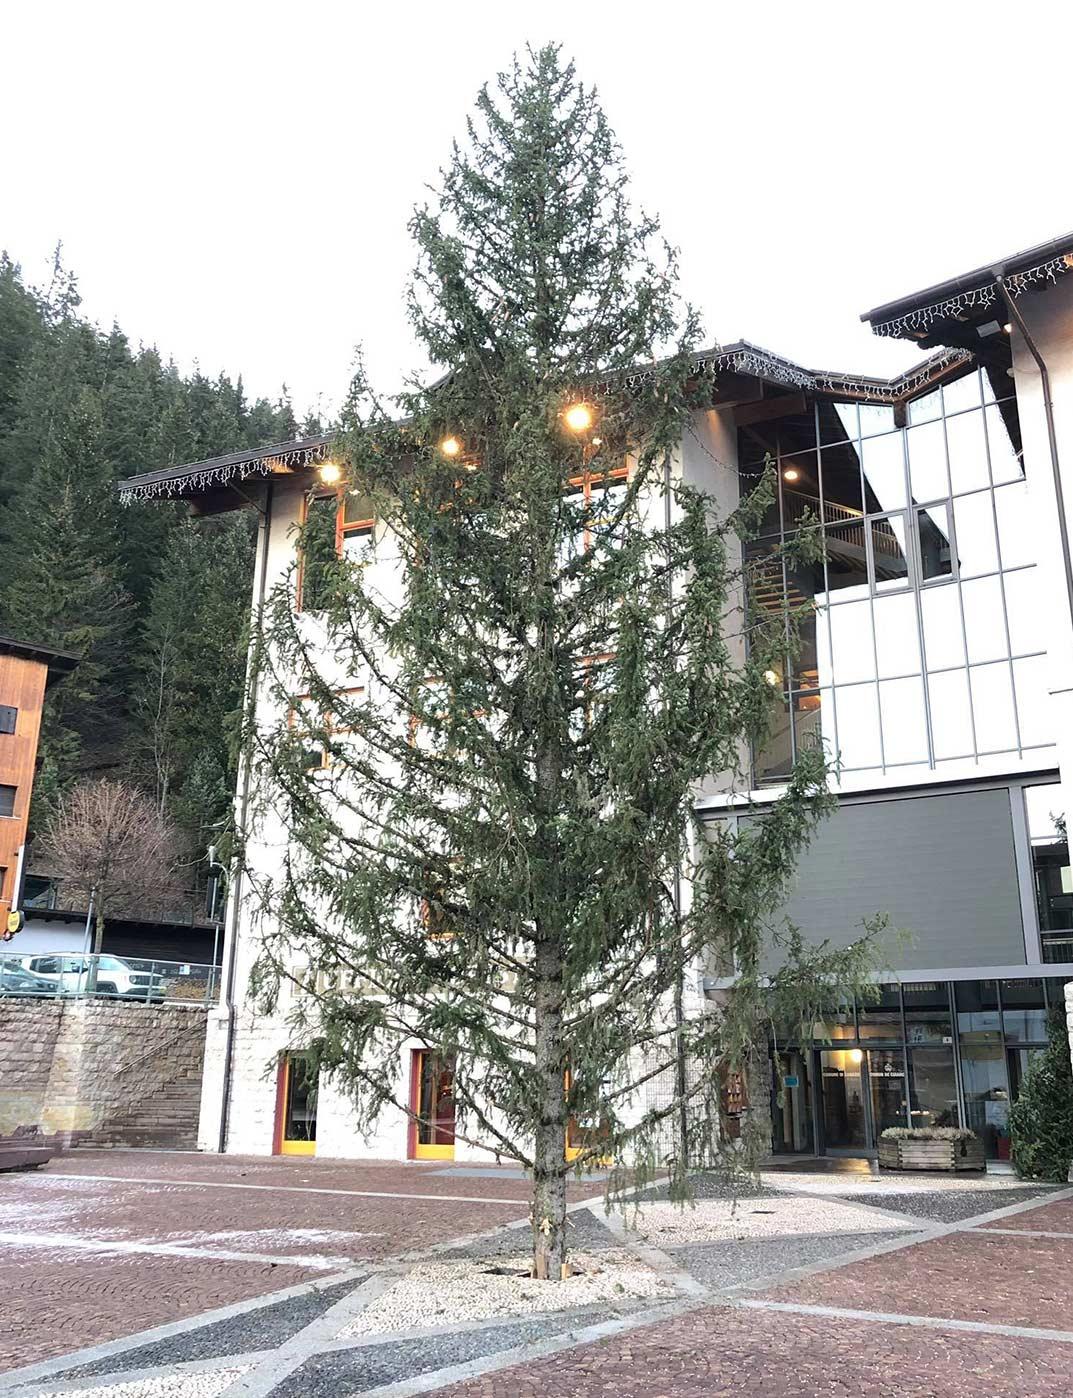 L'albero di Natale di Canazei, come monito contro il dissesto idrogeologico
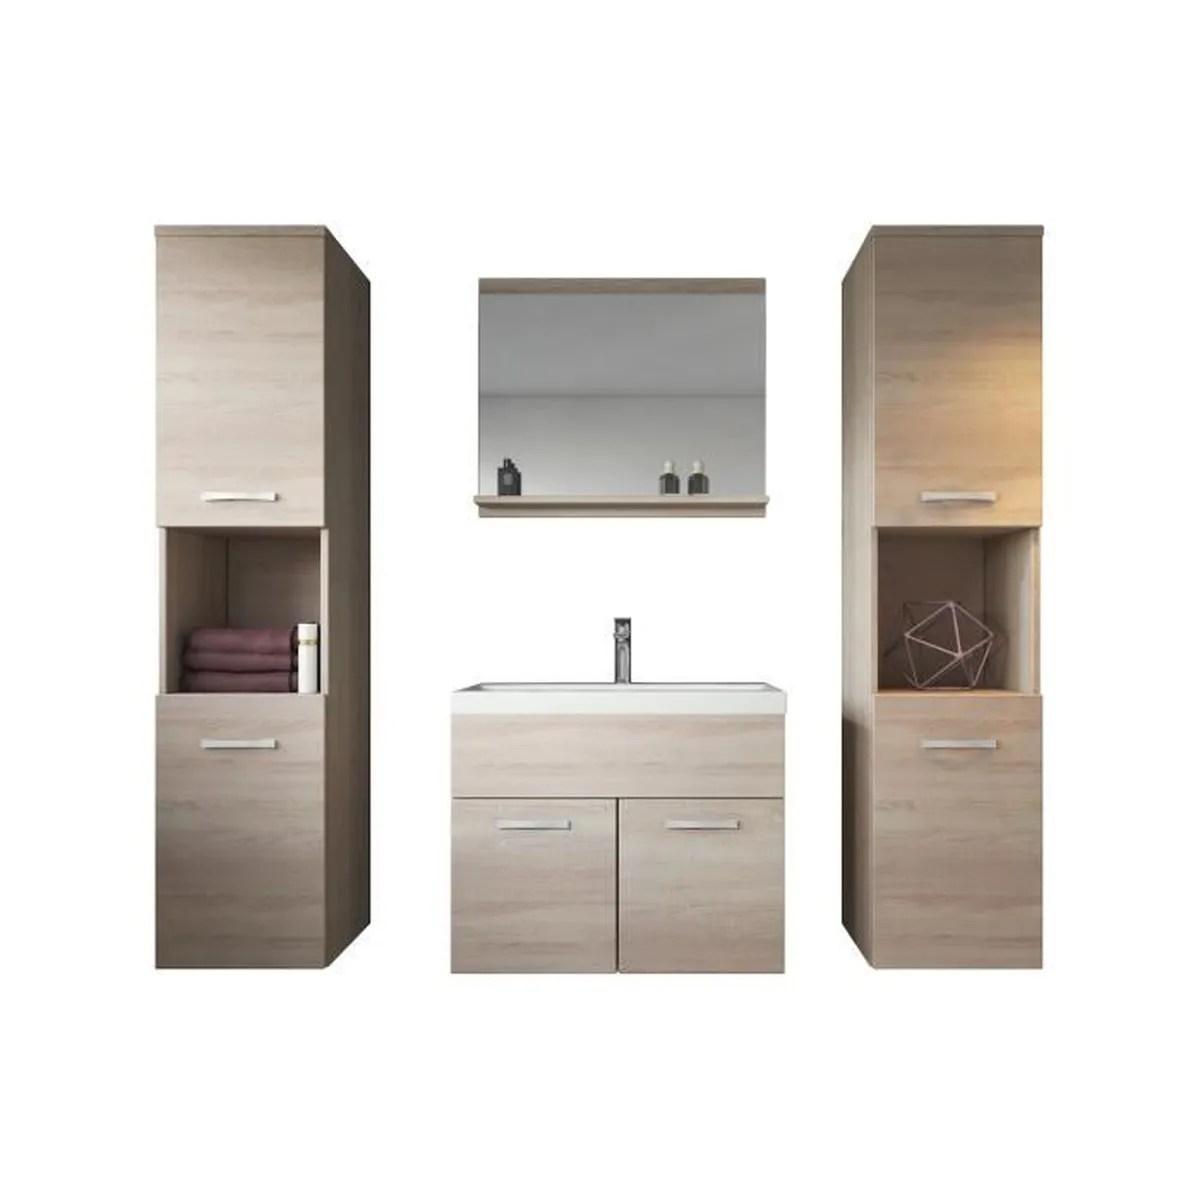 Meuble de salle de bain de Montral XL 60 cm bassin en bois chne clair sonoma  Armoire de
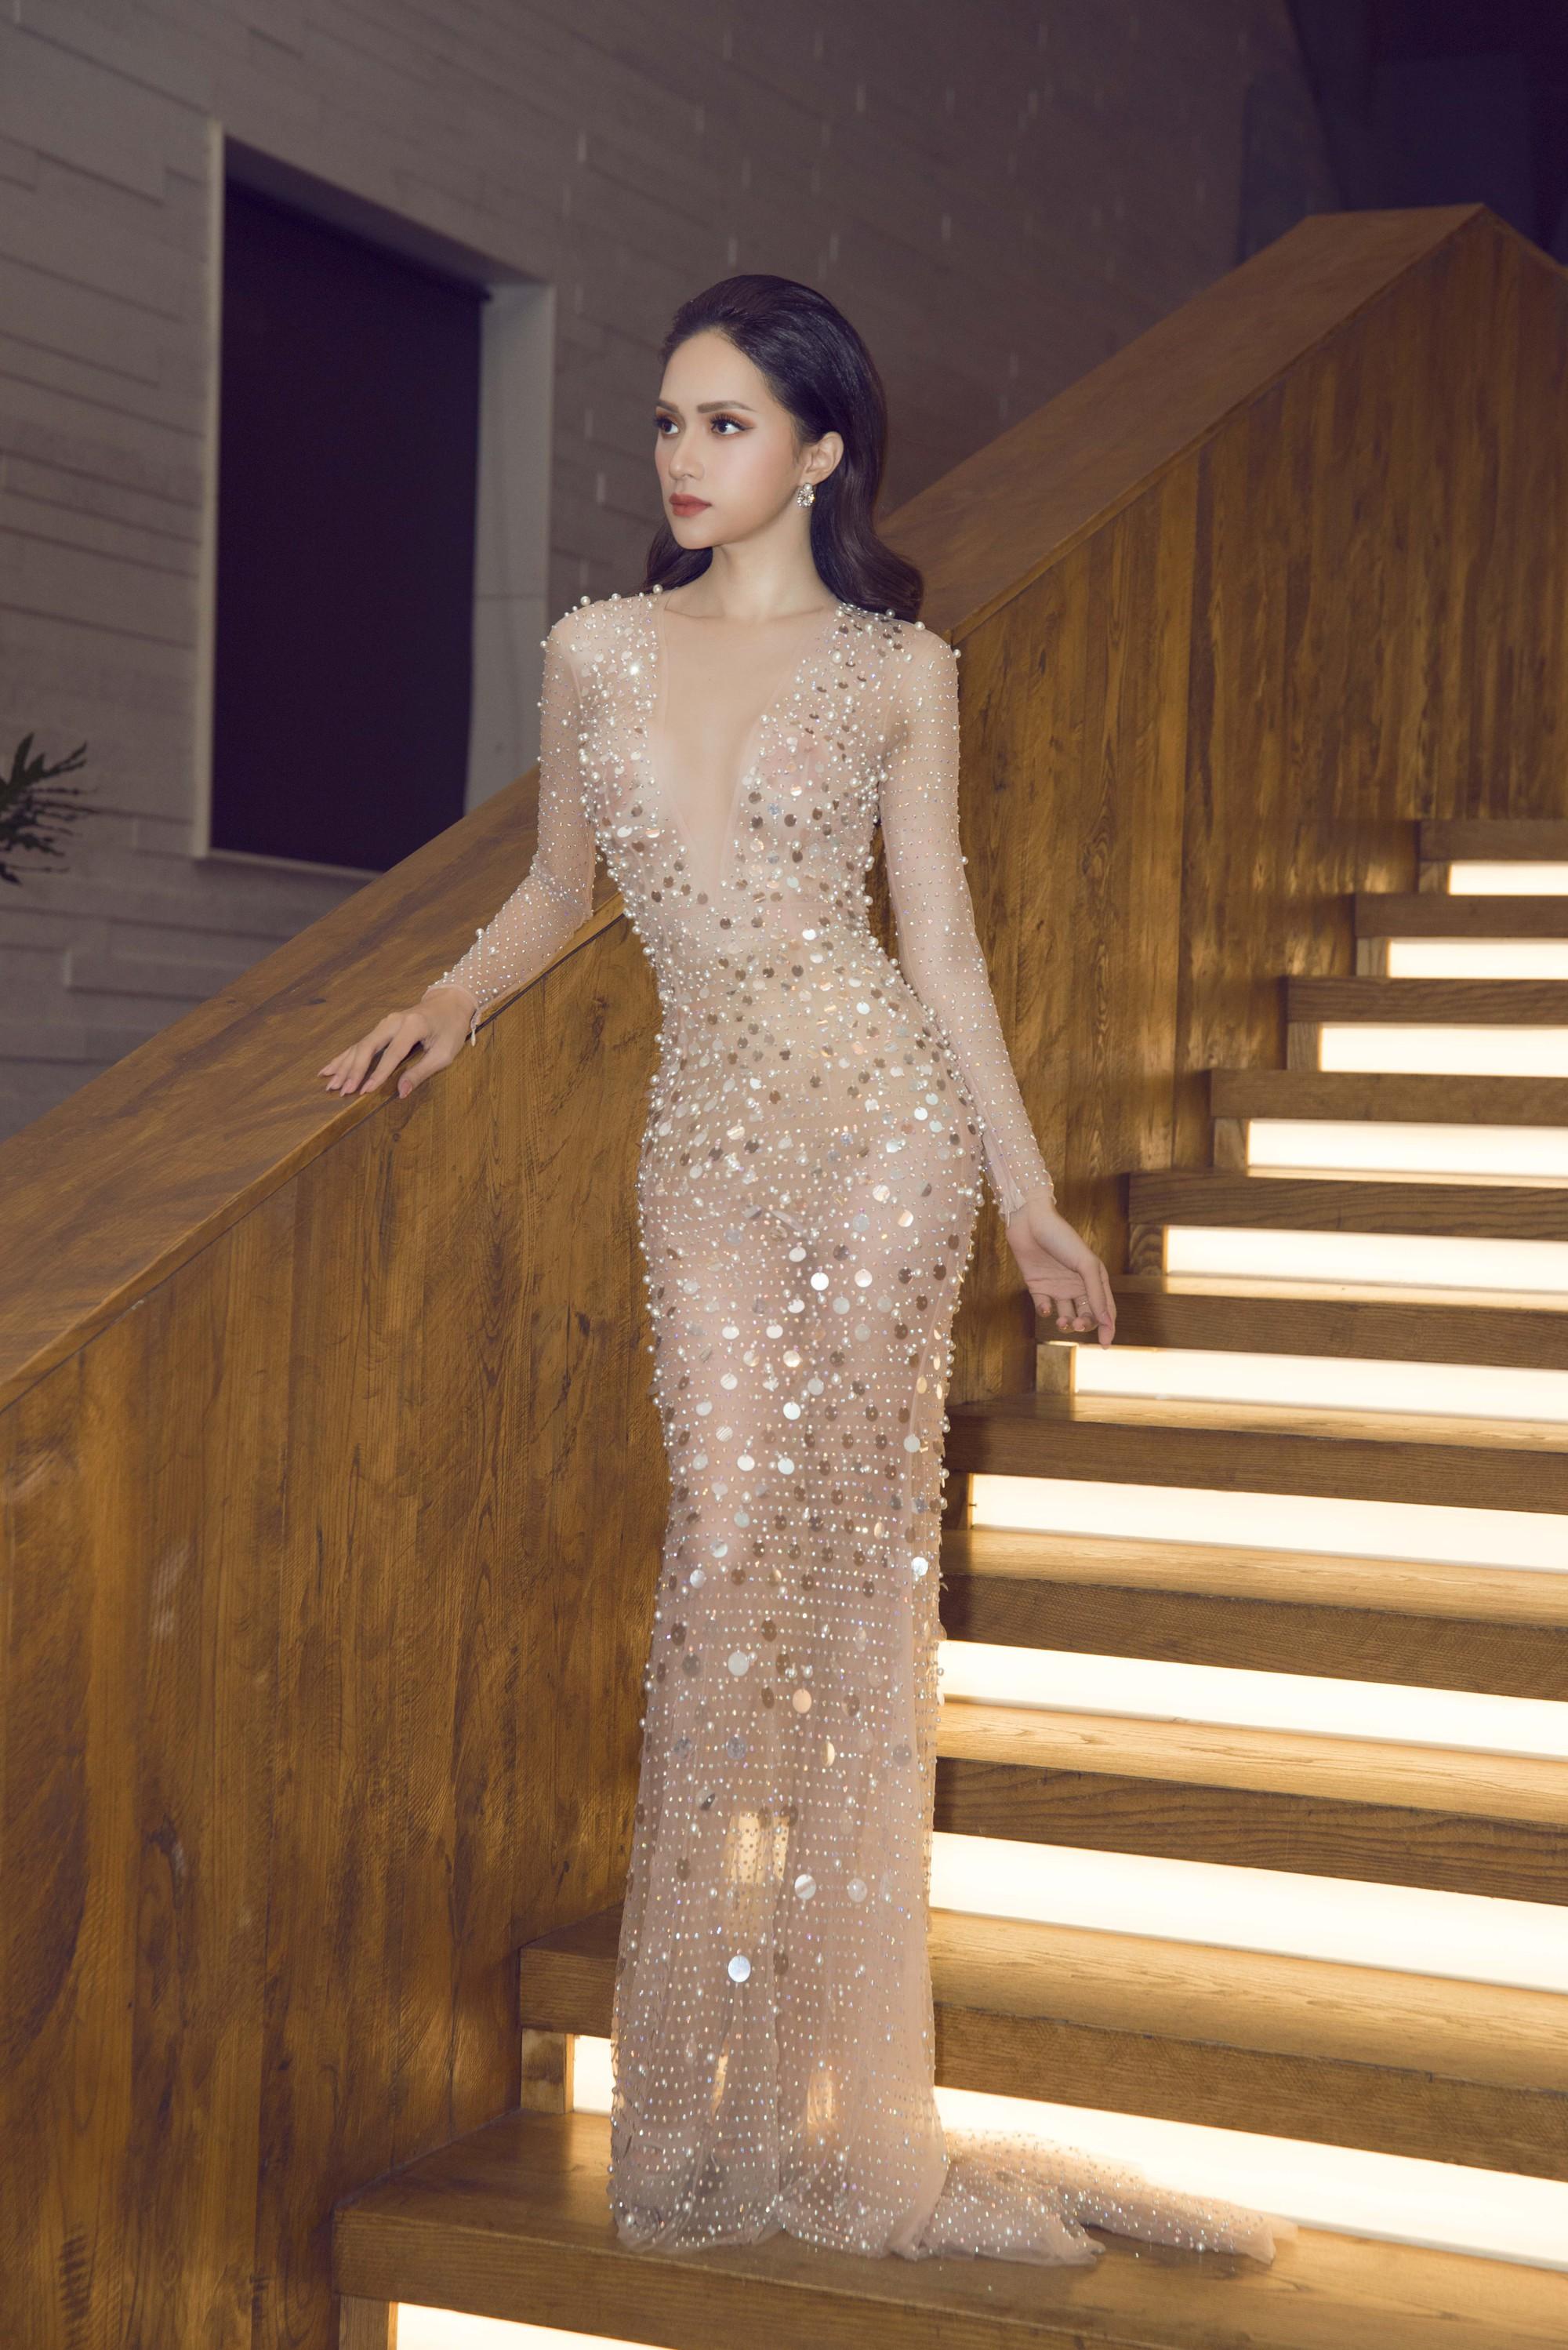 Hương Giang quyến rũ với váy xuyên thấu bó sát, Lan Khuê diện váy trắng tinh khôi như cô dâu tại sự kiện - Ảnh 2.

Problem details.
Restate word for word the lines above that start at the line containing "Meuble de salle" and run to the end of the listing; exclude the pictures.

Solved problem.
 Meuble de salle de bain de Montral XL 60 cm bassin en bois chne clair sonoma  Armoire de
 Hương Giang quyến rũ với váy xuyên thấu bó sát, Lan Khuê diện váy trắng tinh khôi như cô dâu tại sự kiện - Ảnh 2.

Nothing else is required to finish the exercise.